4.3 Payment Account Requirement. In order to earn or receive a Revenue Share Percentage under this Agreement, Company must at all times have an active AdSense account associated with its GameSnacks Service user account(s) (an "AdSense Account") (or such other payment method as approved by Google). You will comply with all provisions of the terms associated with your AdSense Account, including the AdSense Terms. For the purposes of this Agreement and Company’s use of AdSense, each Partner Platform is deemed to be a "Property" under the AdSense Terms.
4.4 Payment and Taxes. Payments to Company will be made, and taxes thereon treated, as specified in the AdSense Terms.
4.5 Prohibited Commercial Uses. In the absence of Google’s prior written approval, Company will not (or allow those acting on Company’s behalf to) use the GameSnacks Service to sell advertising, sponsorships, or promotions on or through the Game Center Content (including pop-up ads or ads linked to from the Game Center Content). Company will not monetize the GameSnacks Service or Game Center Content in any way unless mutually agreed upon with Google in advance in writing.

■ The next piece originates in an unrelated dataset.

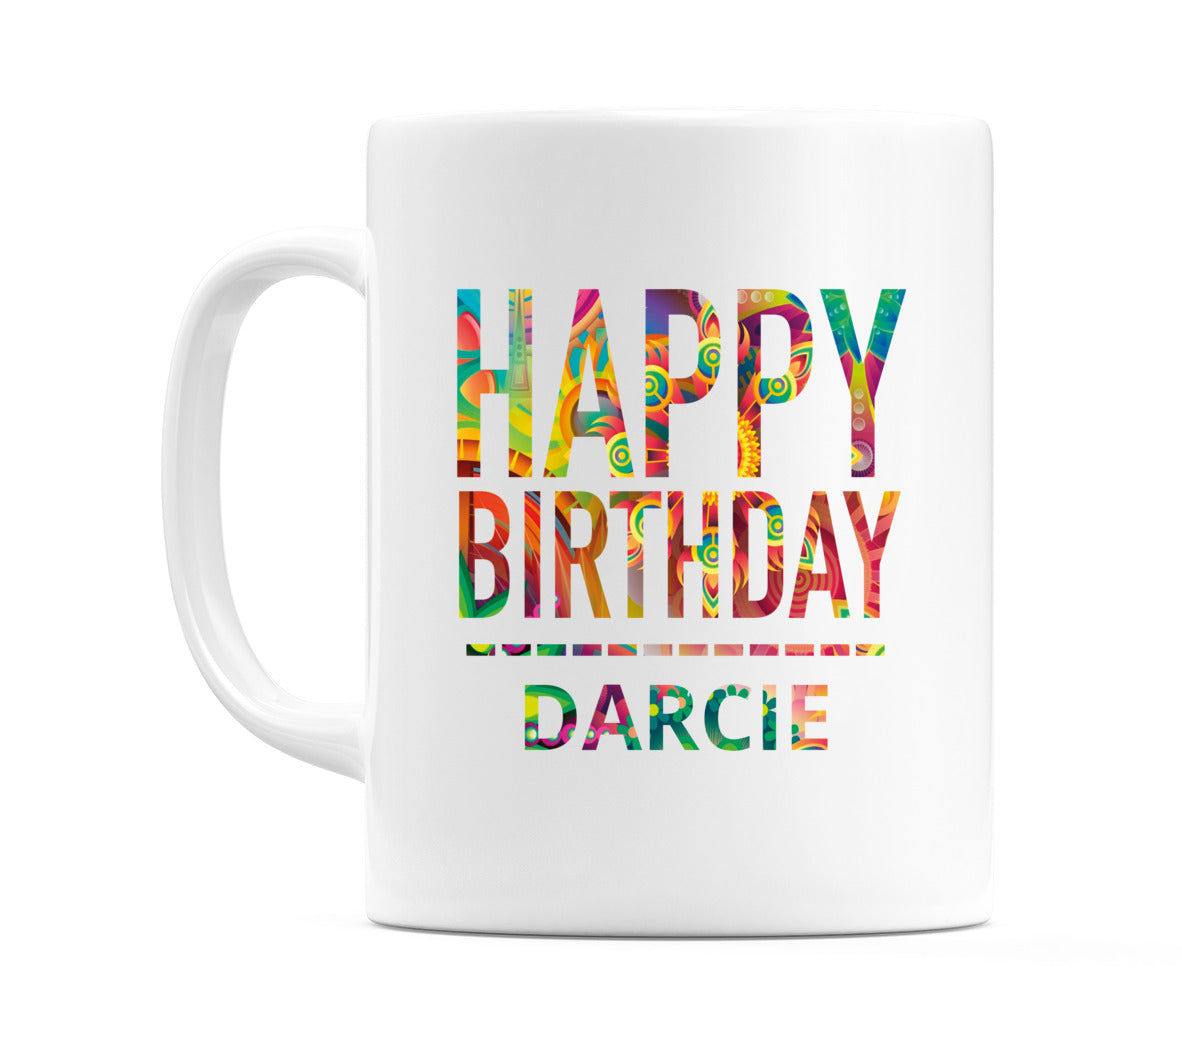 Happy Birthday Darcie (Tie Dye Effect) Mug Cup by WeDoMugs

5. Intellectual Property Rights.
5.1 Ownership. As between the Parties, (a) Google retains all right, title, and interest, including all Intellectual Property Rights, in and to the GameSnacks Service and Google’s Brand Elements, and Google reserves all rights not expressly granted herein, and (b) Company retains all right, title, and interest, including all Intellectual Property Rights, in and to Company owned-and-operated Partner Platforms (e.g., all content and services available thereon) other than the GameSnacks Service, and Company reserves all rights not expressly granted herein, provided that, each Company Partner may retain right, title, and interest, including Intellectual Property Rights, in and to such Company Partner’s owned-and-operated Partner Platforms other than the GameSnacks Service.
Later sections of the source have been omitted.